● Exercise objective
The required output is the exact text of the lines from the line containing "Kas Bloemen - Canvas print - Keuken" through the final line below, inclusive, without pictures.

● Source data
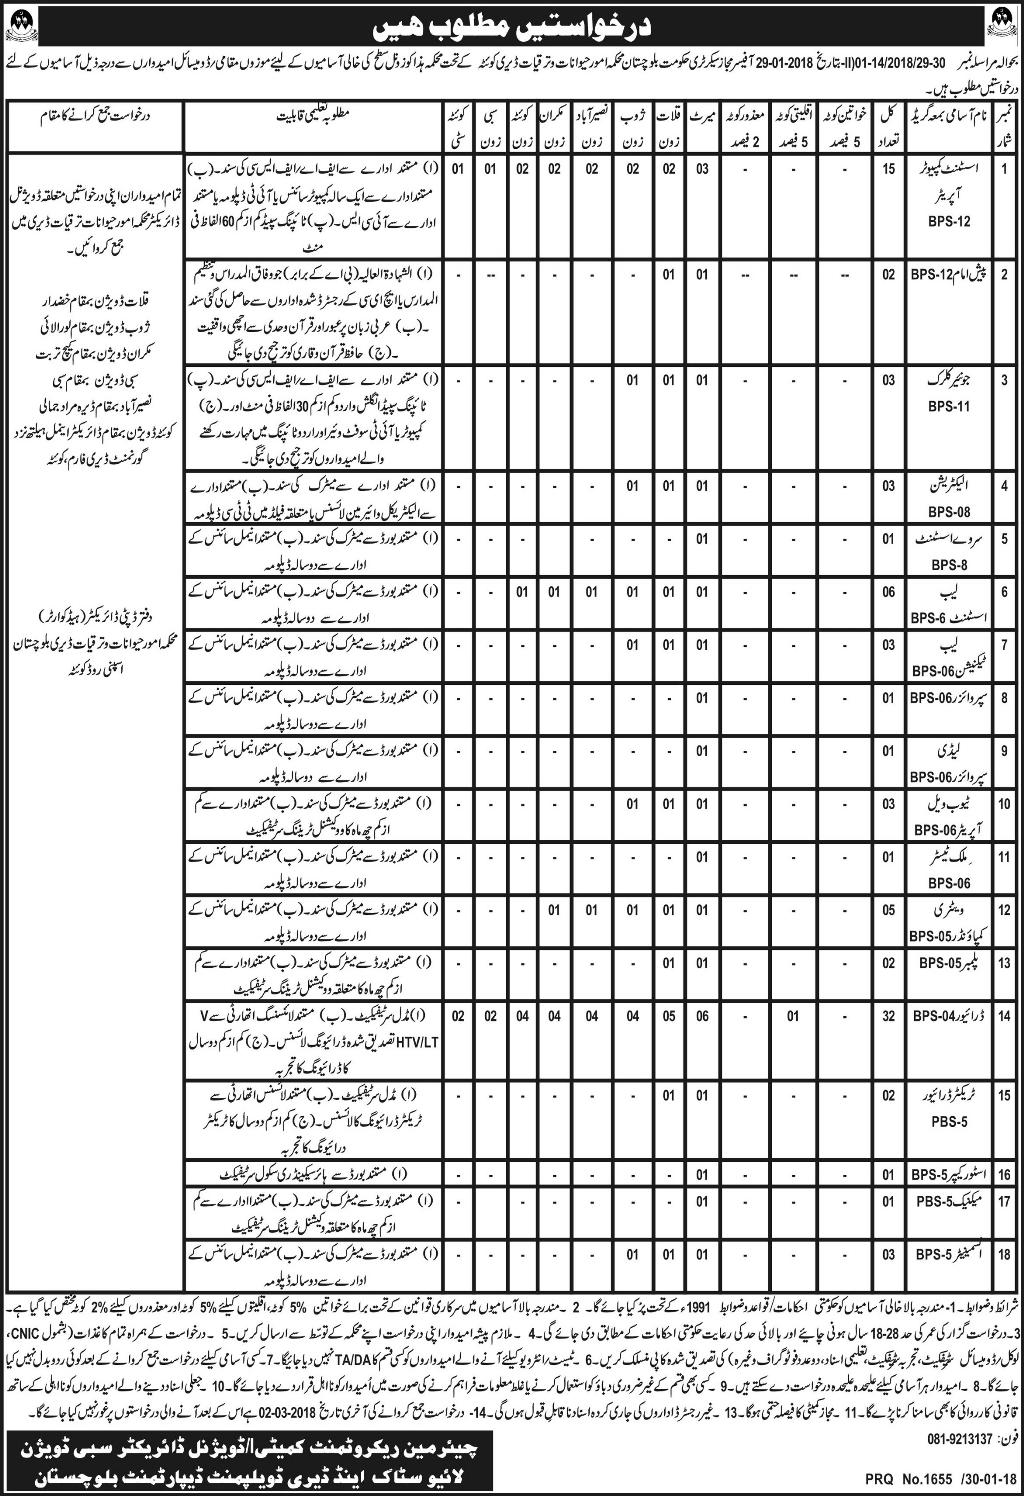 Baluchistan Live Stock and Dairy Development 75 Jobs, 31/01/2018 Daily Express Newspaper
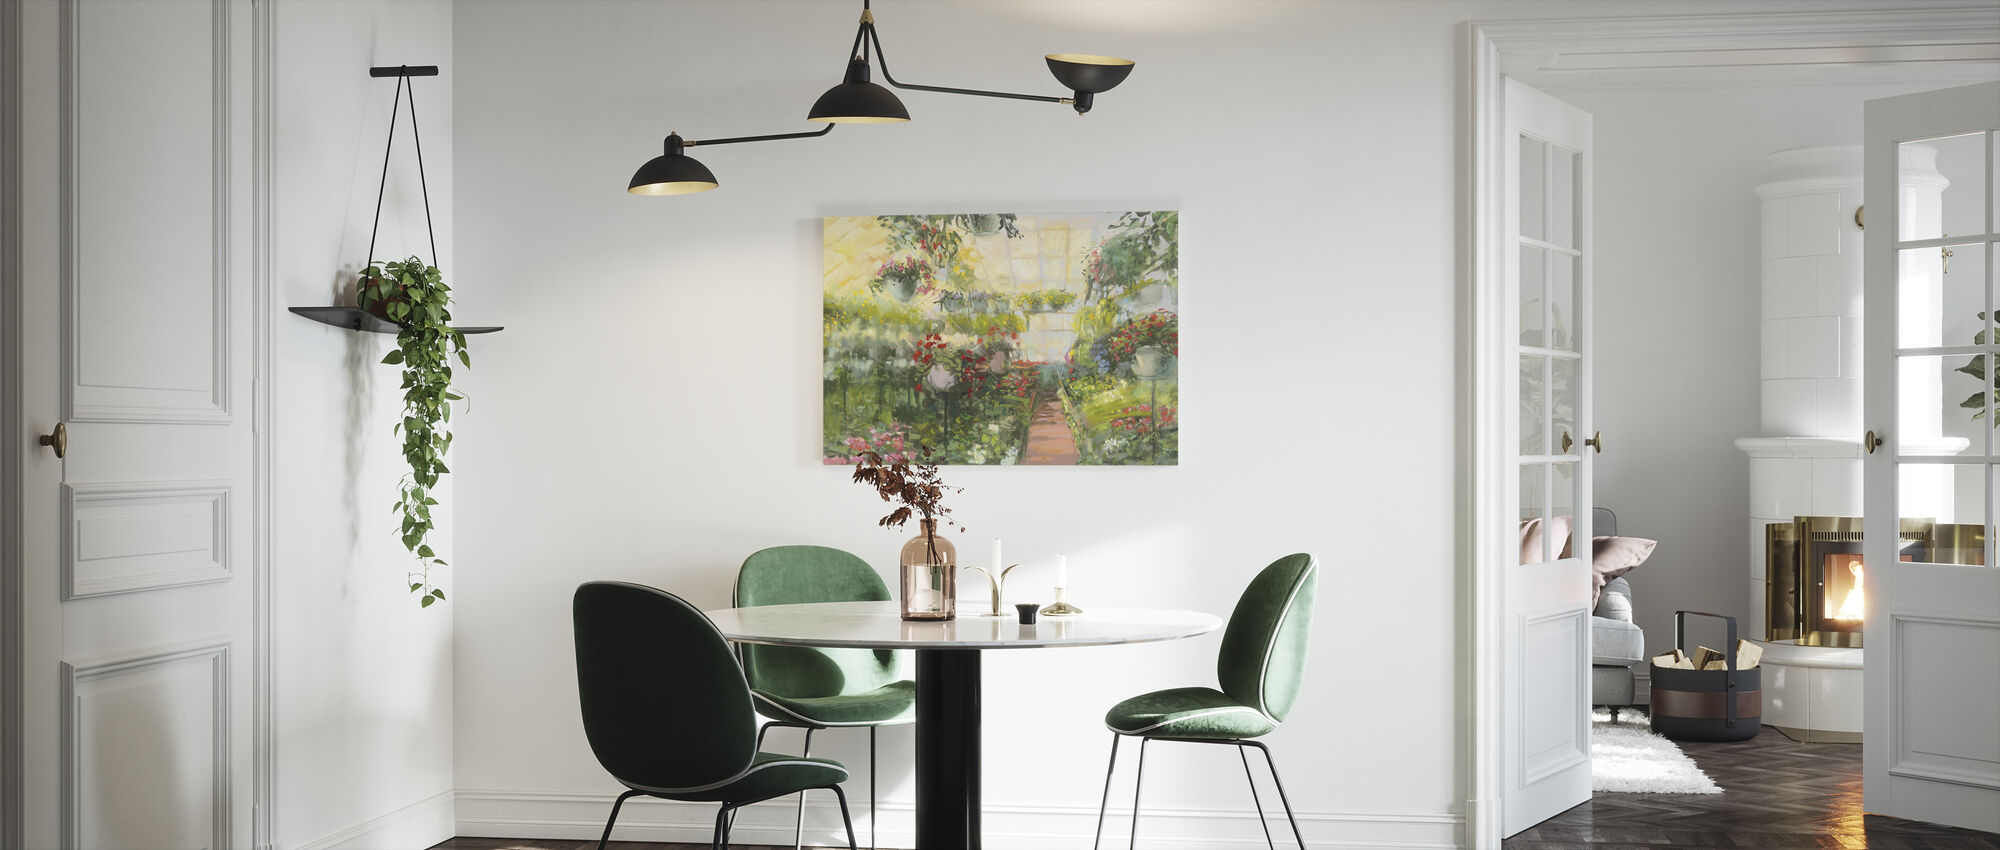 Kas Bloemen - Canvas print - Keuken
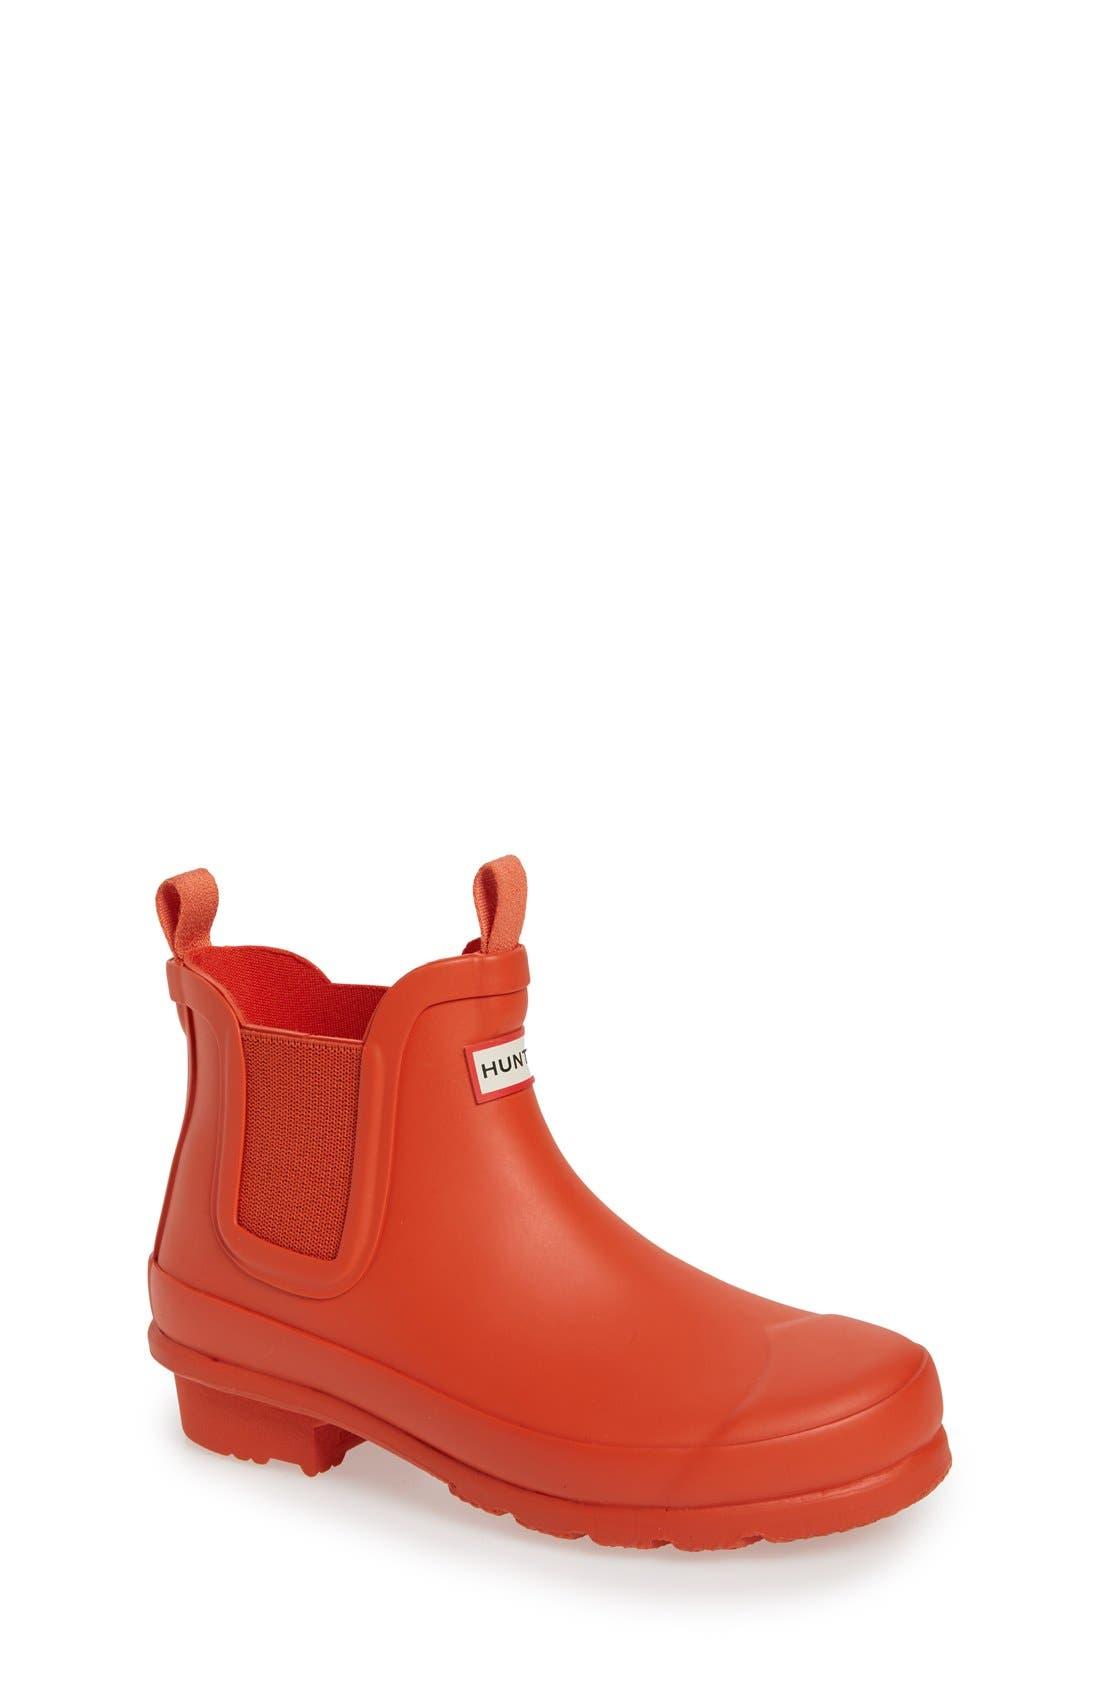 Alternate Image 1 Selected - Hunter 'Original' Chelsea Rain Boot (Toddler, Little Kid & Big Kid)

● Expected output
 Kas Bloemen - Canvas print - Keuken
 Alternate Image 1 Selected - Hunter 'Original' Chelsea Rain Boot (Toddler, Little Kid & Big Kid)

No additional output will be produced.